Прайс заводит машину, не слушая рассказа Макс — кажется, та говорит ей об успешных продажах; ей не хочется сейчас говорить, только думать и сосредотачиваться на настоящей реальности, а не той, где она горит заживо.
Хлоя не знает, что такое совесть, она не верит в прощение, но носить в себе этот груз становится с каждым днем все тяжелее, и когда чувство вины заставляет ее планету сгорать дотла, она готовит очередное «Нам надо расстаться», но теплые губы Колфилд возрождают ее, и приходится начинать все с самого начала.
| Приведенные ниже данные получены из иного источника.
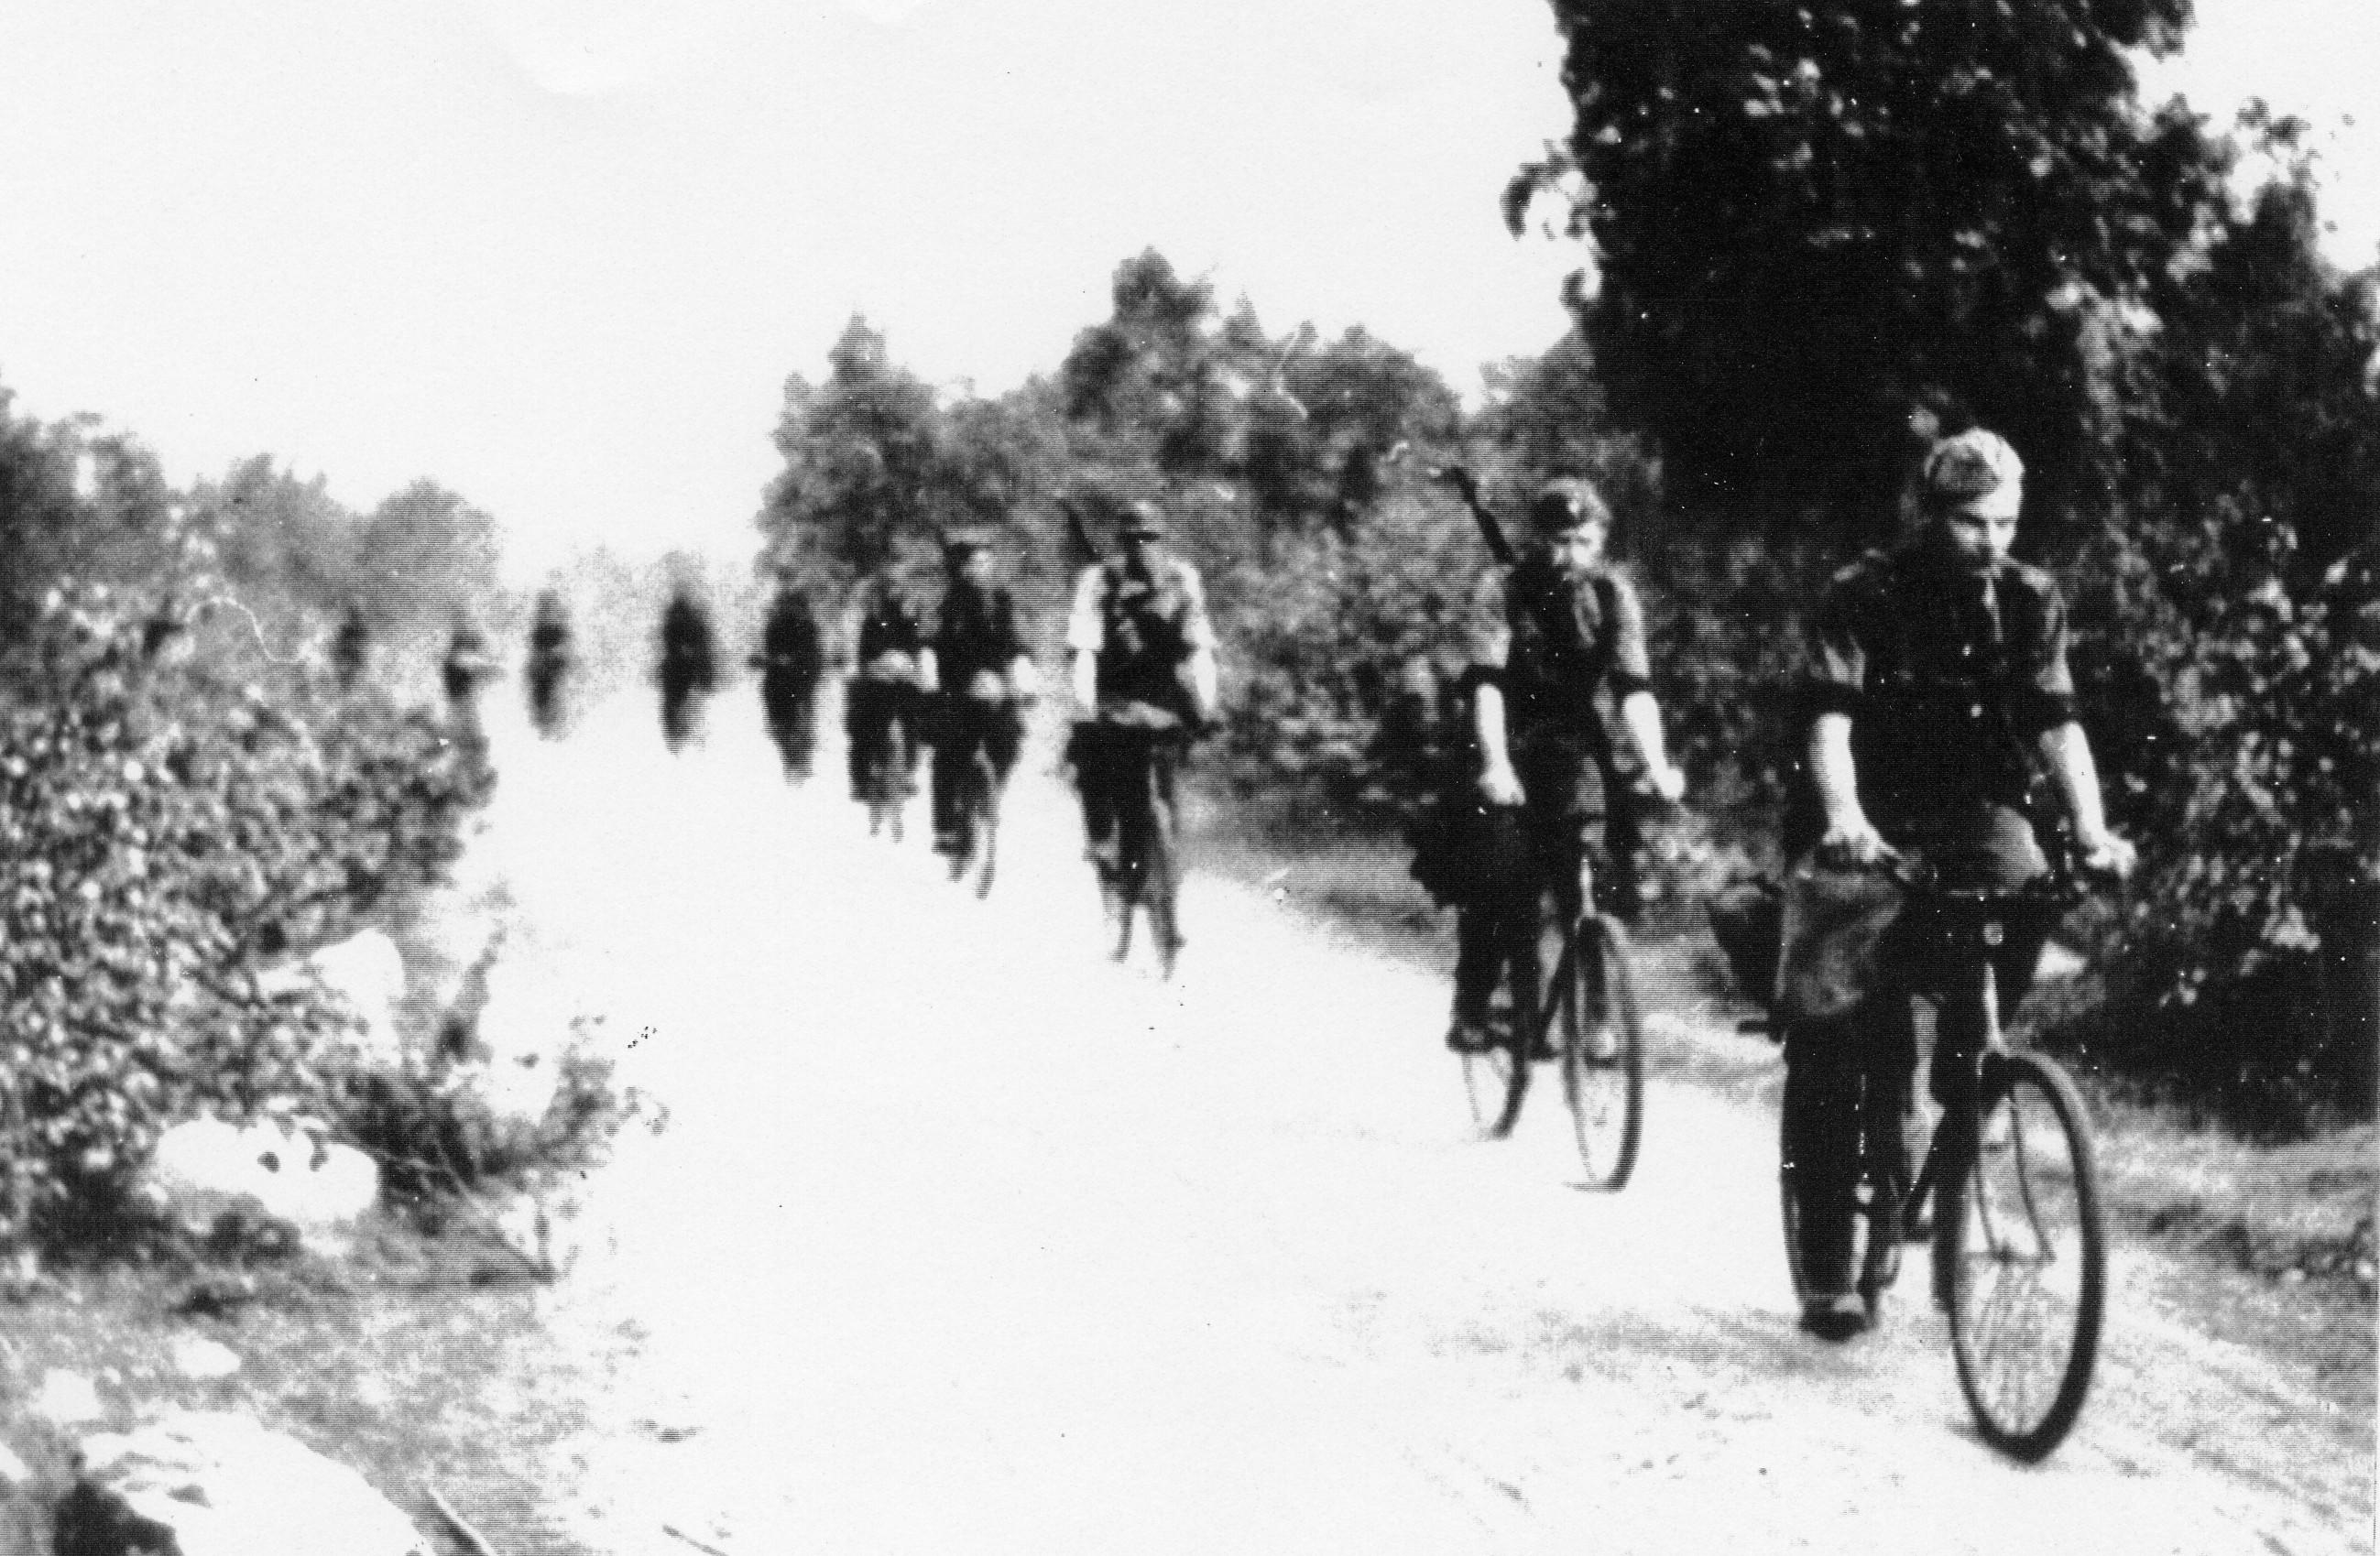 Perttuli ja Varis Lieksajärven kierroksella heinäkuun alussa 1941. Perttuli kärjessä.

Прайс прокручивает это в голове:
— Макс, это я выключила свет и сорвала открытие, после которого ты до сих пор не восстановилась.
Или:
— Макс, это я попросила Брук, Викторию и Джастина сломать «Арт-центр».
И потом это, ее коронное:
— Я виновата, да, прости; как насчет примирительного секса?
Макс рядом с ней все еще говорит, но Хлоя смотрит на нее пустыми глазами, все-таки выпадая из этой параллели.
Потому что все, что бы она ни продумала, увенчается крахом; и никакого примирительного секса или долгого разговора ночью не будет; Хлоя, в конце концов, вновь останется одна.